Port 9222 is only accessible from localhost, so it's not exposed to the network. But there's a known attack vector: DNS rebinding. A malicious page could try to redirect requests to localhost:9222 and gain control of the browser.

Is this a realistic risk in everyday use? Low, but not zero. My approach: I use it during active work sessions and don't leave CDP enabled permanently. The browser-use daemon isn't always running either — it starts when I need it, and I disable CDP when I'm done.

If you work with highly sensitive data or in a corporate environment, think carefully about whether this trade-off makes sense for you.

The real test: reading X with my active sessions

With Brave running in CDP mode, I connected the agent and asked it to open X:

browser-use --cdp-url http://localhost:9222
browser-use open https://x.com
browser-use screenshot

Instead of the login page, my full feed appeared. The agent could see exactly what I would see. I asked it to read the most recent posts:

browser-use state

And there they were: posts from Brad Groux about the OpenClaw Foundation, Warp's support for the kitty keyboard protocol, Browserbase's new CLI. Then I navigated to a specific post from @anibal about dynamic skill injection in Claude Code — something I wanted to read in more detail.

The full flow was:

# 1. Open a page
browser-use open https://x.com/@anibal/status/...
 
# 2. Get page state (indexed elements)
browser-use state
 
# 3. Click something if needed
browser-use click 4
 
# 4. Verify the result
browser-use screenshot

Clean, predictable, and consumable by any LLM.

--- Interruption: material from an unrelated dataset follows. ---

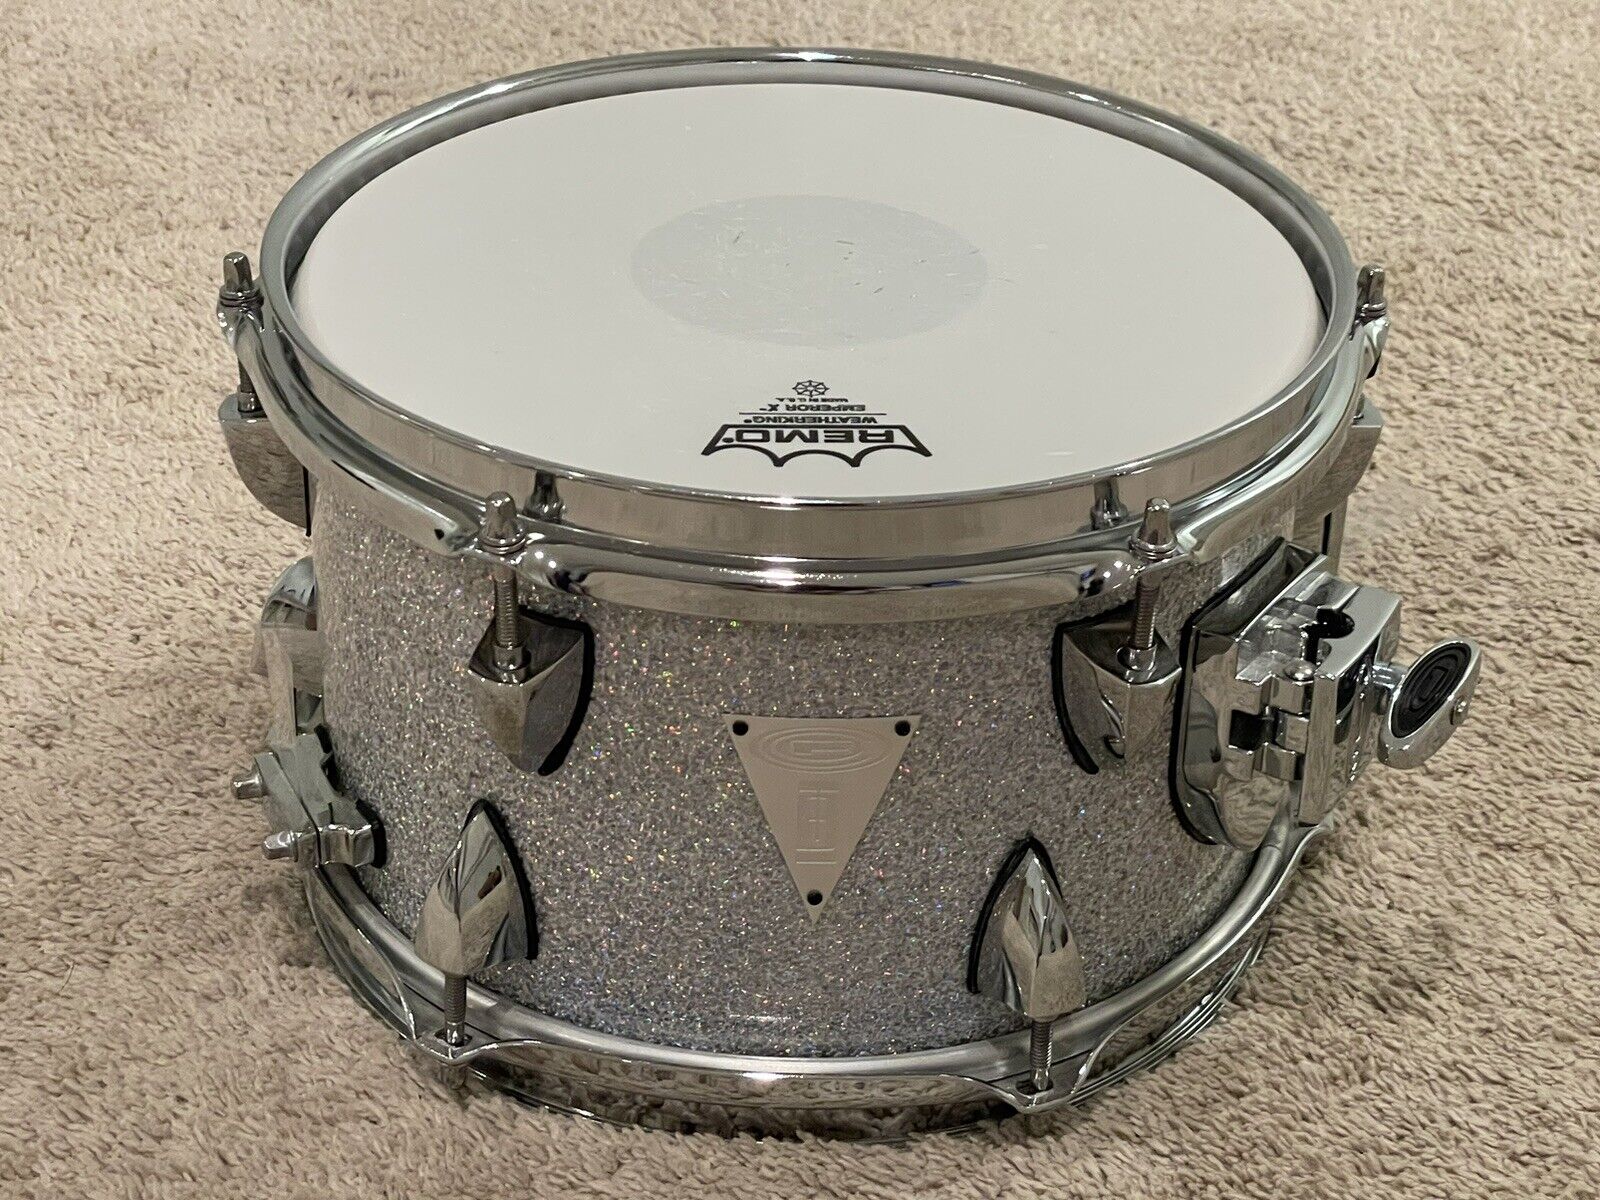 OCDP 10 X 6.5” Snare Drum Travis Barker Signature Model Drums Drumset Side 3
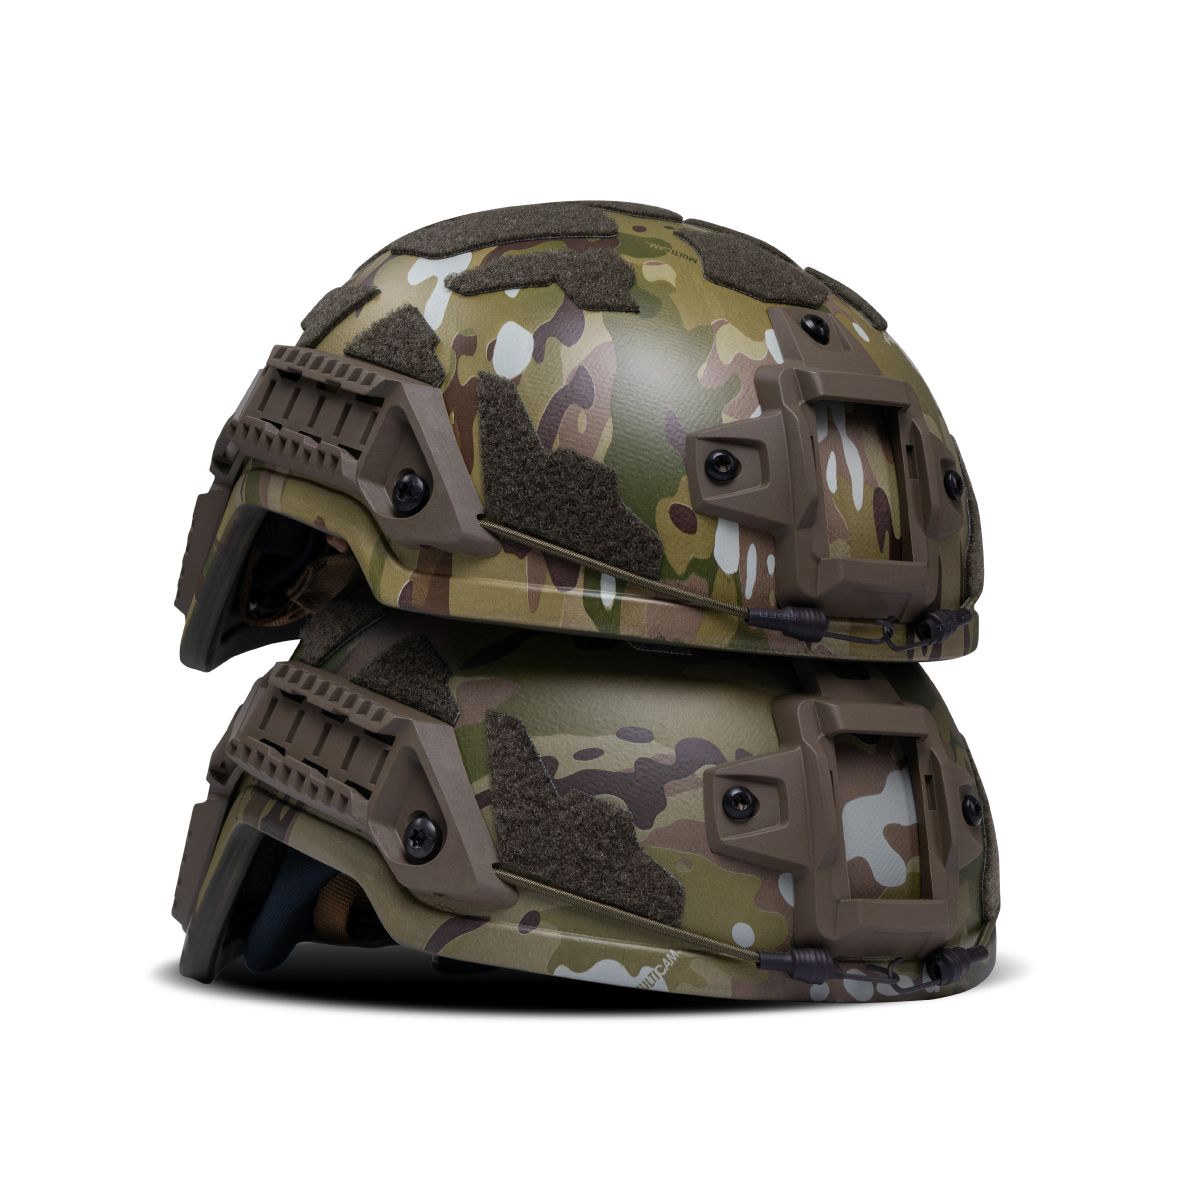 Кевларовый шлем ARCH (ECH) L с защитой от активных наушников. Мультикам 5

Packaging it as an OpenClaw skill

With the flow validated, the next step was wrapping it as a proper OpenClaw skill. The structure ended up like this:

~/.openclaw/workspace/skills/browser-use/
├── SKILL.md              # Concise instructions for the agent
├── references/
│   └── commands.md       # Full reference for all commands
└── scripts/
    └── brave-connect.sh  # Helper to connect Brave via CDP

The SKILL.md is deliberately short: it explains the main workflow (connect via CDP, open URL, use state to navigate), establishes Brave as the primary method, and points to references/commands.md for full detail.

The progressive disclosure pattern was the key design decision here. The agent doesn't need to read 200 lines of documentation to complete its task. With the essential workflow in SKILL.md and the full reference kept separate, context is only used when it's genuinely needed.

The result

My agent can now:

  • Connect to my Brave with my active sessions
  • Navigate any authenticated site: X, LinkedIn, GitHub, Gmail
  • Read content from feeds and protected pages
  • Click, fill forms, take screenshots
  • All through simple CLI commands

What started as "I want the agent to read my tweets" turned into full access to the authenticated web. The tool was there, the protocol was there — it just needed to be wired up correctly.

If you're using OpenClaw or any agent that supports CLI tools, Browser Use is well worth exploring. The approach of returning indexed elements instead of raw HTML is exactly the kind of interface LLMs need to reason about the browser reliably.